The Power of a Commitment
First published on August 10, 2017
Here's my writing practice. Get on the train. Write for 12 minutes. Proof read once. Publish.
But it starts with a commitment. On the surface level, the commitment is to post one article per week written on the train between Waterloo and Clapham Junction. On a deeper level, it's a commitment to beating Resistance, and getting more of me and my art out into the world. And underneath that is a commitment to finding a way for my Higher Self to express itself. Although I couldn't have told you all that when it started. All I could have told you is that I need a series of tricks to get me out of my head, and stop me from getting in my own way: getting in the way of creating, of sharing any part of myself with the world. Those tricks started with a commitment, and continued by committing to that, deciding to commit to it, every week, every day.
Sometimes it works better than others. It allows me to say more than I thought I knew. This happened last time I wrote. I didn't really know what I was going to write about, beyond an instinct that there was something important about making decisions.
But something came out which I was really proud of. Which people have responded to. So my commitment is renewed. This is going to be tough in August. I won't be on the same train because they're doing some almighty improvements at Waterloo. The practice have have to evolve. And that's risky.

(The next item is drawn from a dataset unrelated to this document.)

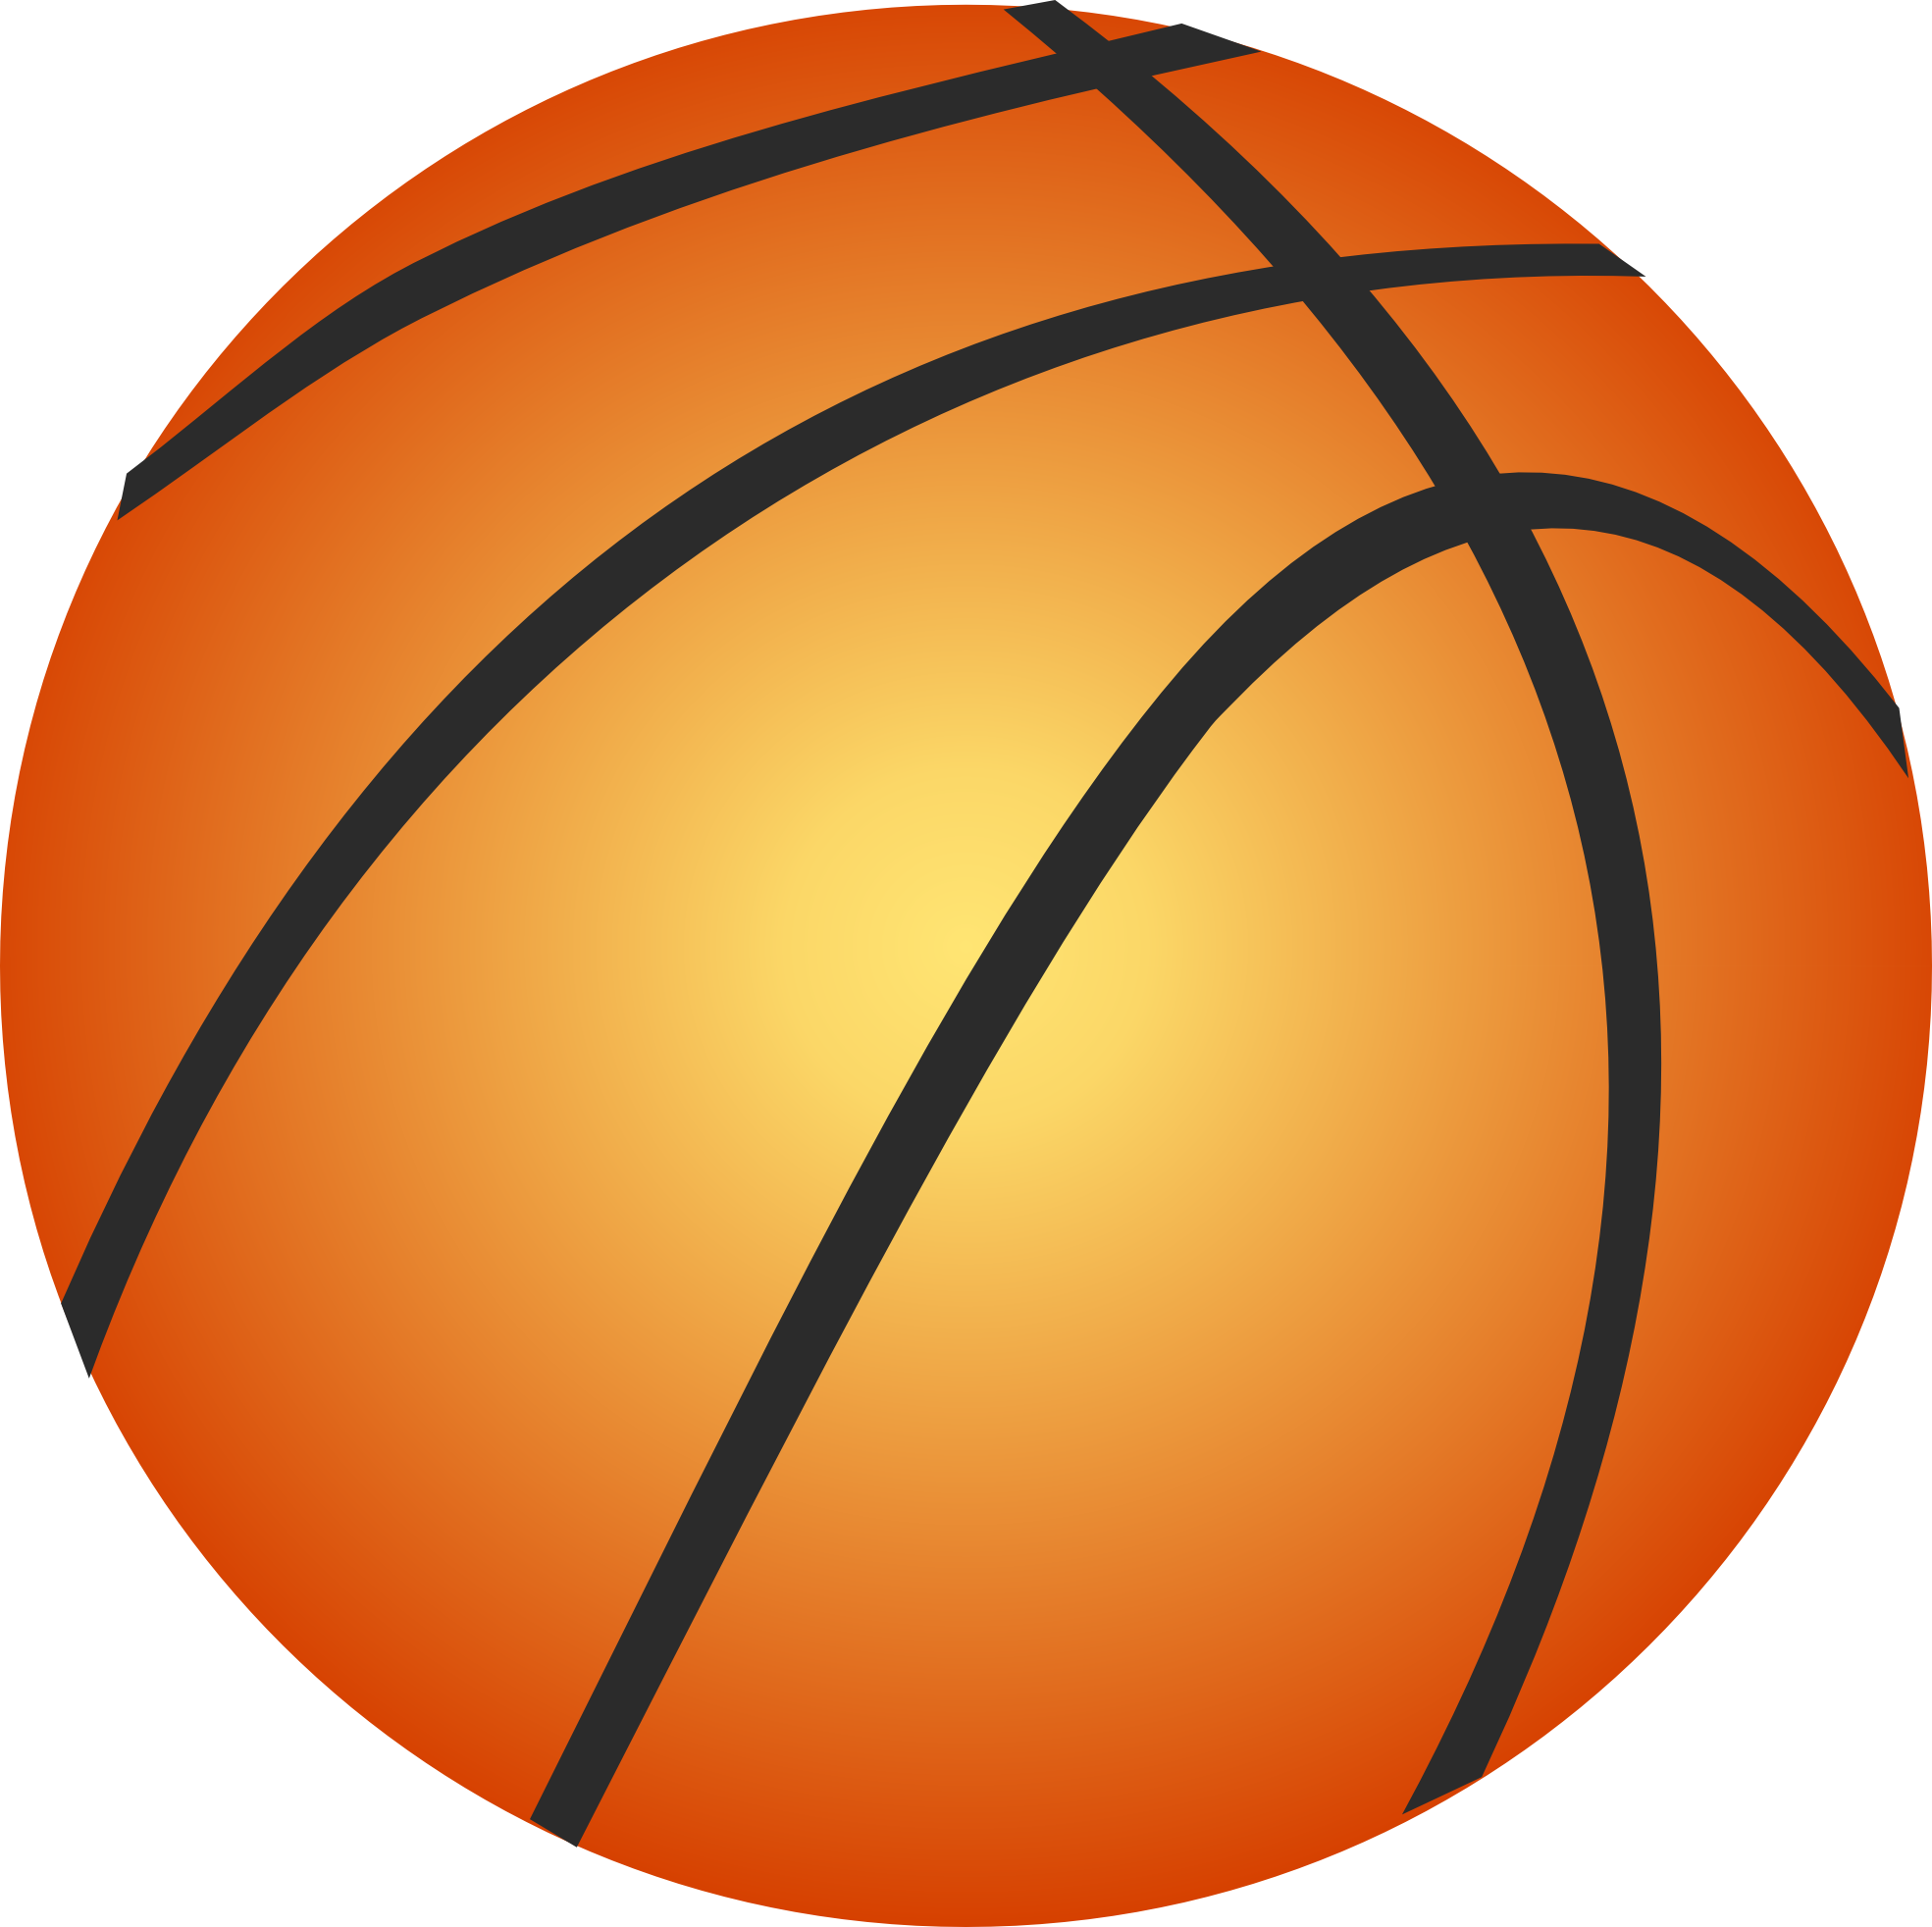 Basketball clipart free images 3

Resistance can't cope with the kind of discipline, commitment and routines that make the train writing practice. But it thrives on the times when we waver. The diets given up after birthdays, the exercise regimes stopped after injury or holiday. So here's another accident that I didn't meant to write about. I have to commit now, now that I've realised what could happen here. I have to tie myself to another month of writing at the very least. I'll write a post a week through August. They might be longer than 12 minutes, because they won't be on the same journey. But they'll be there.
And if I don't commit, they won't happen.
What will you commit to this month? What will you create? And how will you share it?
Because as Seth says, it's not art until you ship it.